Compared to earlier in 2011, the 12 Federal Reserve districts saw mostly expanded economic activity in late November through the end of the year, but the same cannot be said of the housing market.
The Fed’s most recent economic survey was encouraging, depicting an economy that has made a lackluster by steady rebound from a near re-bottoming in the spring/summer period.
But the optimism ended abruptly in the Fed’s so-called Beige Report when the category of “real estate and construction” came up.
“Activity in residential real estate markets largely held steady at very low levels, with the exception of further increases in the construction of multifamily residences,” the Fed reported. “The pace of single-family home sales remained quite sluggish throughout the country…”
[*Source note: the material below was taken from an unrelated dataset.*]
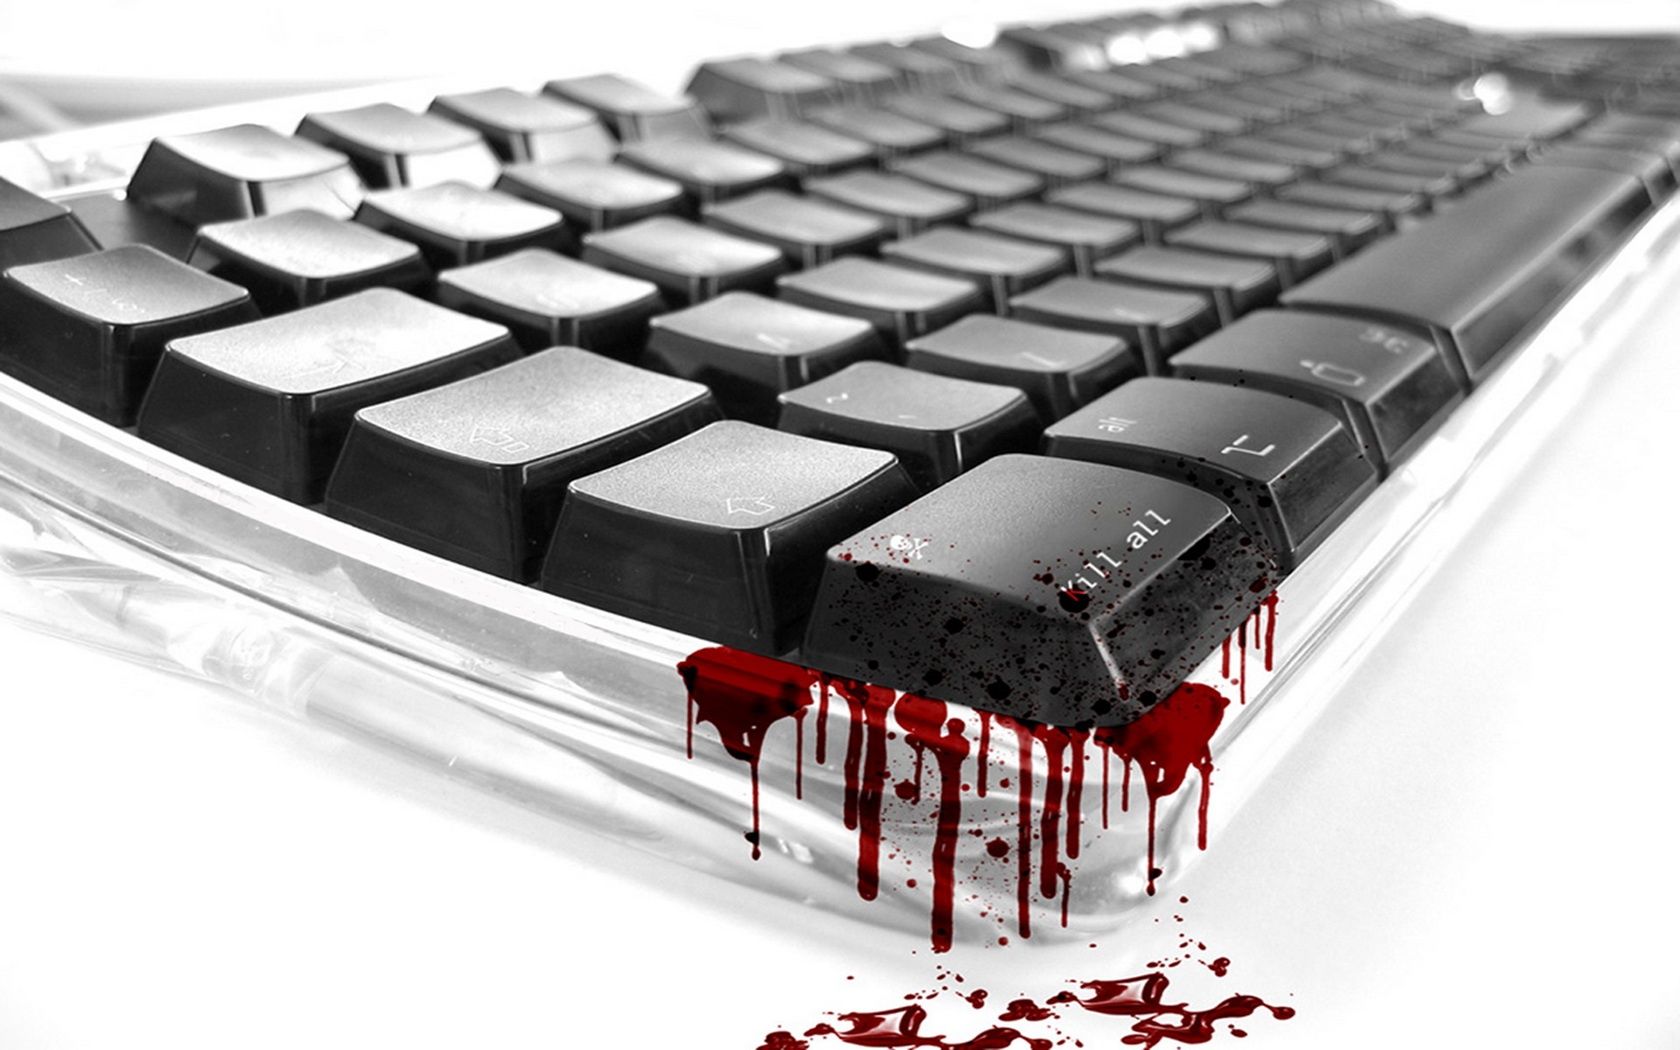 Bloody Ctrl wallpapers and images - wallpapers, pictures, photos

The Fed finding is another reminder of the altered landscape of homeownership emerging out of the housing market collapse. Rental prices are anticipated to continue steady growth throughout 2012, while single-family home prices are seen as finding a bottom before year’s end.
Homeowners who have or will go through foreclosure are helping swell the ranks of renters. Moreover, a sluggish economy with high unemployment is keeping first-time homebuyers – or those “underwater” on their mortgages – from taking advantage of the most affordable single-family market in decades, as mortgage rates remain near record lows.
From the Fed’s report:
“Construction of single-family homes remained at depressed levels in most areas and fell further in some, such as the Philadelphia, St. Louis, Minneapolis, and Kansas City Districts. However, Cleveland reported that activity improved during the past couple of months. In contrast to the soft market for single-family residences, the market for rental units tightened in some areas, such as the New York and Richmond Districts, and construction of multifamily residences rose in the Boston, Philadelphia, Chicago, Kansas City, and Dallas Districts.”
Some districts, such as Boston and Atlanta, noted home sales exceeding levels from twelve months earlier. But those increases were “mainly because the earlier levels reflected a substantial drop following the expiration of the homebuyers’ tax credit in mid-2010.”